I definitely get joy out of working at those layers. Which is an easy explanation for NIHing those parts while working on a project in general. I’m also learning a lot about the design as I implement my own. But I find myself at a crossroad. Continuing to NIH the layer and spend a week on getting a workable socket, thread, and job handling story. Or I can entangle the fate of my project with the Rust community more. To explain lets talk about some pros and cons of NIH or using other’s projects.

NIHing something means you can build something custom to your situation. It often takes more up front time than using an external solution. Your project will need to bring in or build up the expertise to handle that solution. The more central to the heart of your project, the more you should NIH. If the heart of your project is learning, then it could make sense to NIH as much as possible.

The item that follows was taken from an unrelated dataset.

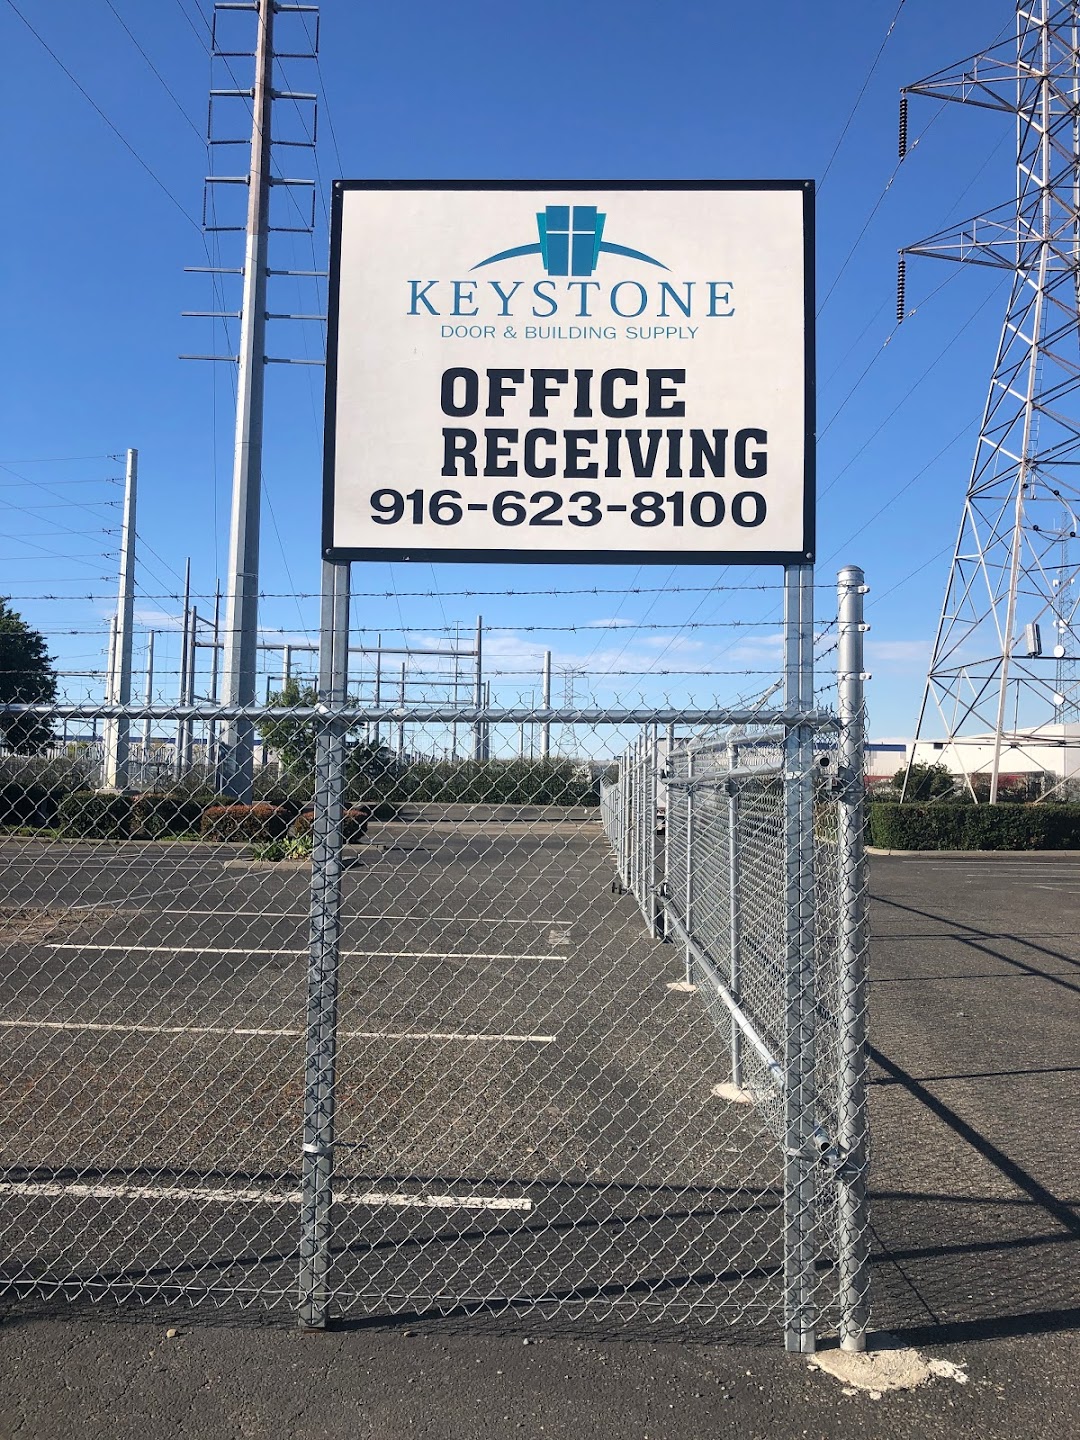 Keystone Door & Building Supply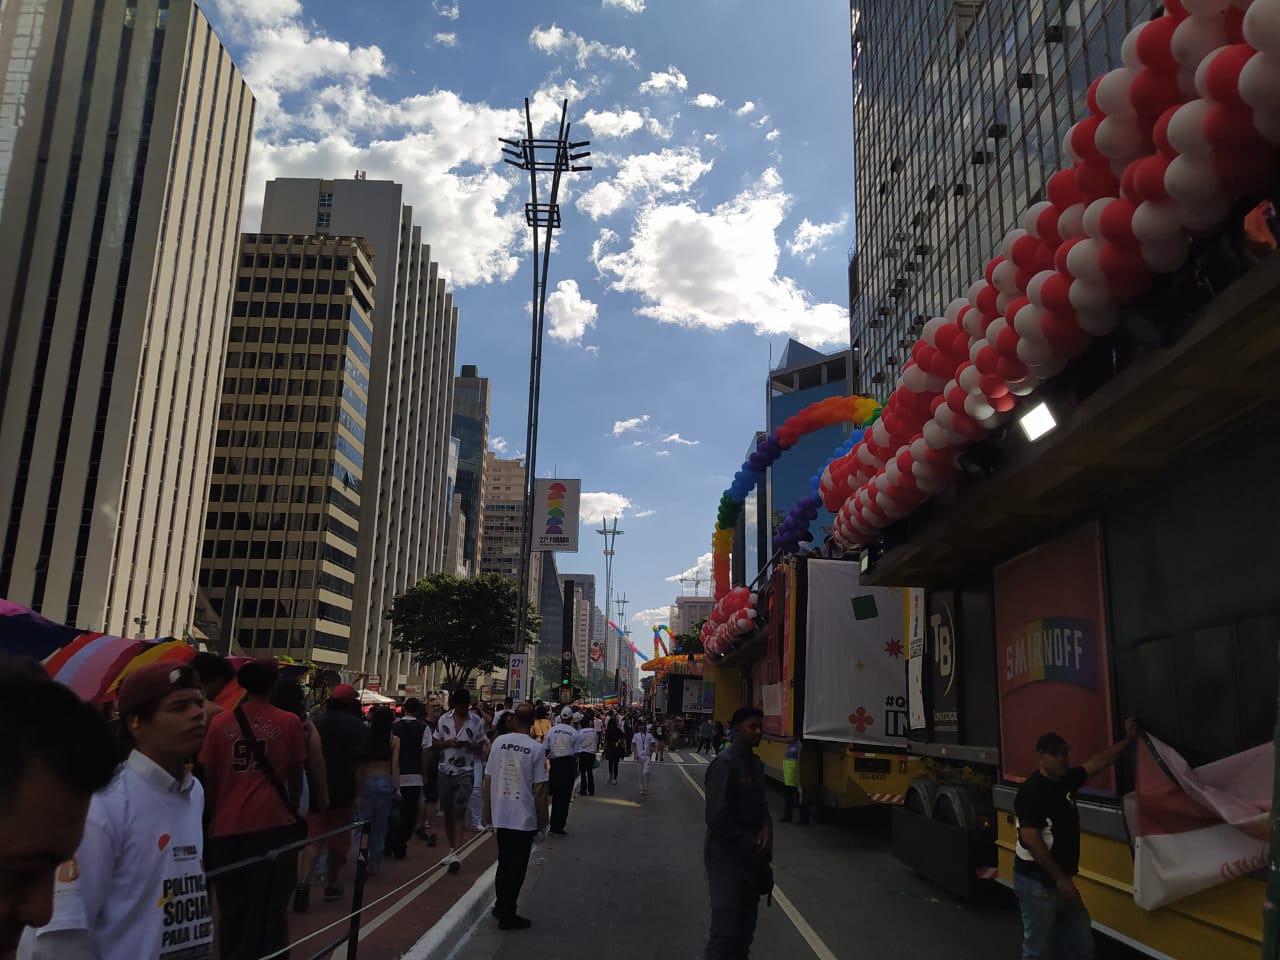 A Parada começa no prédio da TV Gazeta e vai até a Praça Roosevelt. Foto: Rafael Nascimento/iG

Using something external means doing research into the many solutions that could fit. Narrowing down to a final few or one solutions to try. Then learning how to use that solution and adapt it to your project. Often the solution is not a perfect fit but the savings on time and required expertise can make up for it. There is an accepted risk of the external project having different goals or being discontinued.

This morning I found myself staring down the problem of reading from my sockets in the server. Wanting to be efficient on resources I didn’t want to only rely on interval polling. I started by looking in the Rust standard library for a solution. The recommendations are to create a thread per connection, use interval polling, or external libraries. Thread per connection wont work for me with my goals. The resource cost of switching between a lot of threads shadows the cost of the work you are trying to perform. I had already ruled out interval polling. A less recommended path is wrapping the lower level mechanisms yourself.

So, I started looking into more and less complete solutions to these problems. When using less complete solutions, you can glue a few together. Creating a normalized interface on top of them that your project can use. The more complete solutions will do that normalization for you. Often at a cost of not closely matching your needs. This brings me to what I mean by entangling my project’s fate with the Rust community more.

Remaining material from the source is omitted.